Вот так первый раз на глазах у Мишки Бакланова погибал человек. Лицо Сани Гордеева было окровавлено, изо рта текла кровь. Бакланов все же достал РГД, провернул рукоятку и, встряхнув, швырнул под обрыв. С запозданием сообразил, что бросал наугад. Заглянув вниз, увидел, что не попал и едва не словил пулю в лицо.
Бакланов понял, что пора уходить. Из рукава бушлата капала кровь. Казенник его винтовки был пробит. Он забрал трехлинейку Гордеева и гранату. Ощупав рану на руке, убедился, что она неглубокая, но кровь продолжала сочиться, и скоро он начнет слабеть.

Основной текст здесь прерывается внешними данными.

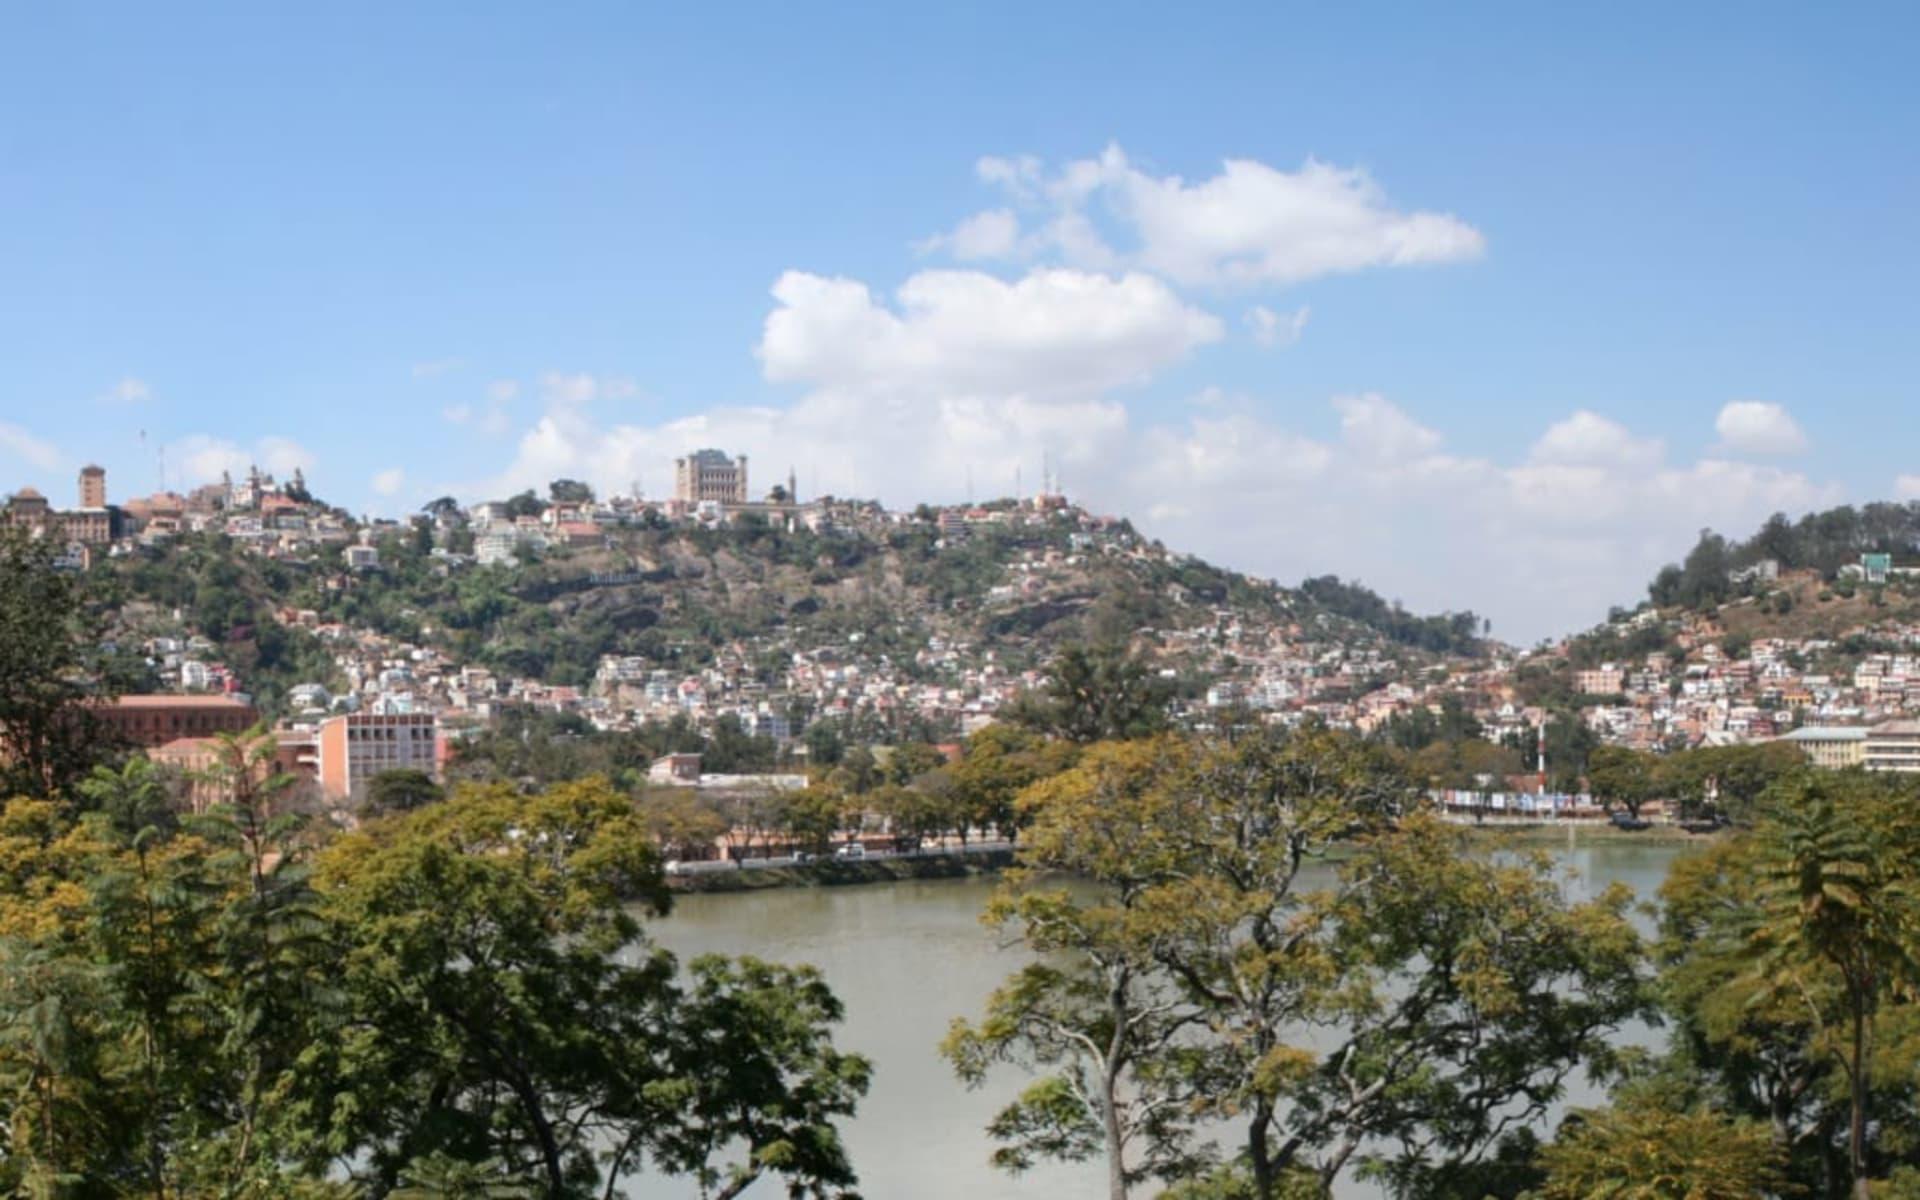 Entdeckungsreise Masoala ab Antananarivo: Antananarivo city

Здесь, возле обрыва, можно было как-то поймать врага на мушку или удачно бросить вторую гранату, а побежав, он превратится в мишень. Кроме того, Михаил не мог оставить еще живого товарища. Он затолкал под мышку индивидуальный пакет. Снимать одежду и как следует перевязать рану не оставалось времени, немцы могли появиться в любой момент.

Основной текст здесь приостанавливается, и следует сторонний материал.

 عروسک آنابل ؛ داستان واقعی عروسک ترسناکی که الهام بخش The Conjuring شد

Поставив гранату на боевой взвод, Михаил подполз к краю обрыва и снова попытался заглянуть вниз. Пулеметная очередь прошла рядом разноцветной свистящей трассой, но Бакланов разглядел корму шлюпки и, встряхнув РГД, бросил ее вниз. Жрите! Без шлюпки по скалам далеко не ускачете, а он знает все тропинки и сумеет уйти.
Шорох заставил его обернуться. Человек в прорезиненном костюме перебрасывал тело через кромку обрыва, за спиной торчала рукоятка автомата. Их глаза встретились. Бакланов мгновенно вскинул винтовку, а немец втягивал на обрыв свое мускулистое, блестящее, как у змеи, тело. Подняв освободившуюся руку, быстро и убедительно стал что-то объяснять.

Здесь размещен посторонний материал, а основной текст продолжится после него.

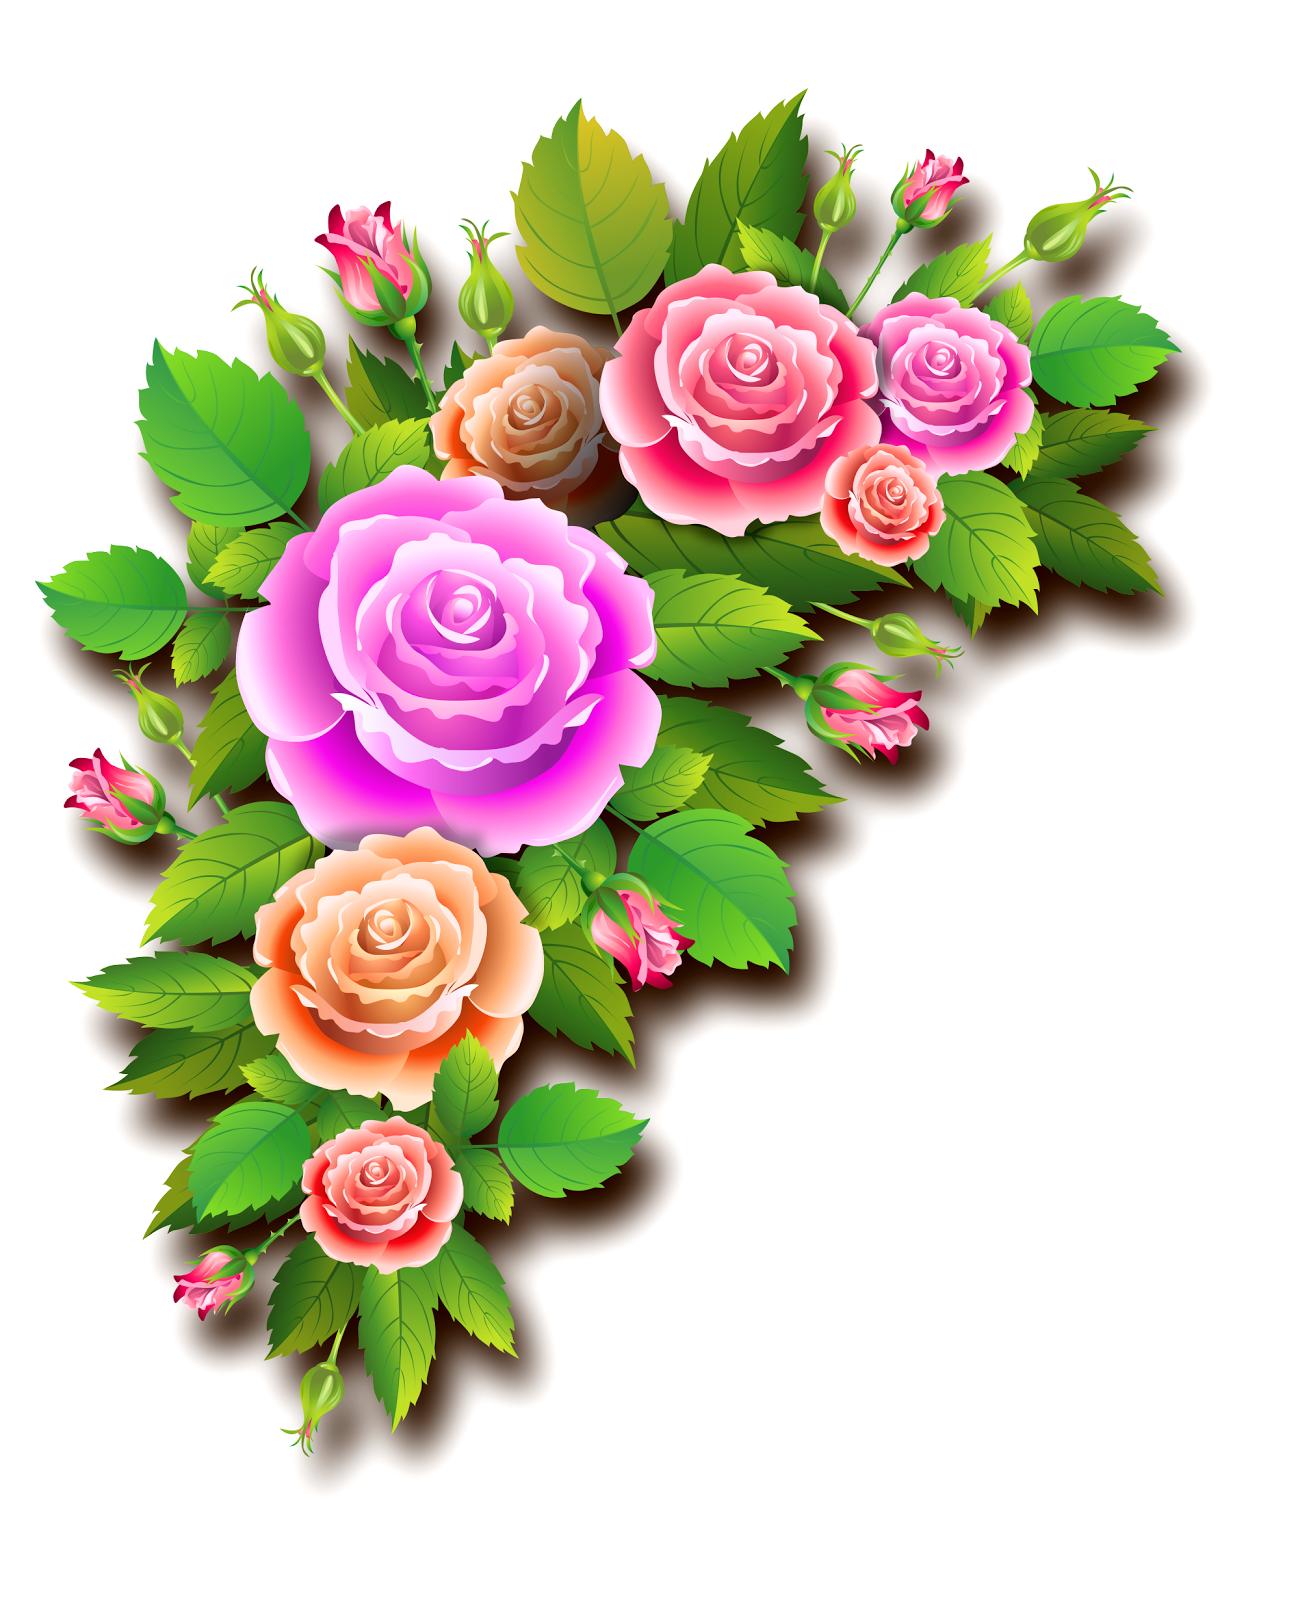 [roses_13072017_a1_aalmeidah4]

Михаил нажал на спуск и попал в цель. Несмотря на тяжелую рану, немец сумел удержаться на краю, но Бакланов, вздрагивая от возбуждения и злости, уже перезарядил винтовку и выстрелил снова. Человек-змея исчез, затем послышался тяжелый шлепок.
Миша достал из кармана товарища документы, письма из дома. Саня дышал, но помочь умирающему товарищу он не мог. Из пулевого отверстия толчками выбивало кровь, в голову и шею угодило несколько осколков, височную кость вмяло, виднелся быстро пульсирующий мозг. Бакланов всхлипнул, вытер мокрое лицо рукавом шинели и быстрым шагом двинулся по тропе.
Опасаясь, что его могут перехватить, Михаил все больше отдалялся от моря, надеясь добраться до ротного командного пункта по другой тропе. Однако он переоценил свое знание местности, долго шел по какому-то ущелью, кое-как выкарабкался, но вокруг по-прежнему был каменный лабиринт и редкие деревья.
К вечеру, окончательно ослабевший, он нагреб сухой травы, мха и мгновенно погрузился в сон. Ночи были короткие, лишь поэтому Михаил не застыл. Поднялся с трудом. Хотел осмотреть рану, но там все слиплось, и левая рука не двигалась.
Теряя силы, брел по тропе, миновал один, другой перевал. Когда карабкался вверх, уронил винтовку, найти ее не сумел и к вечеру кое-как добрел до командного пункта. Его путаным невнятным объяснениям насчет подводной лодки командир роты не поверил. У Михаила был жар, рана воспалилась, он бормотал что-то непонятное.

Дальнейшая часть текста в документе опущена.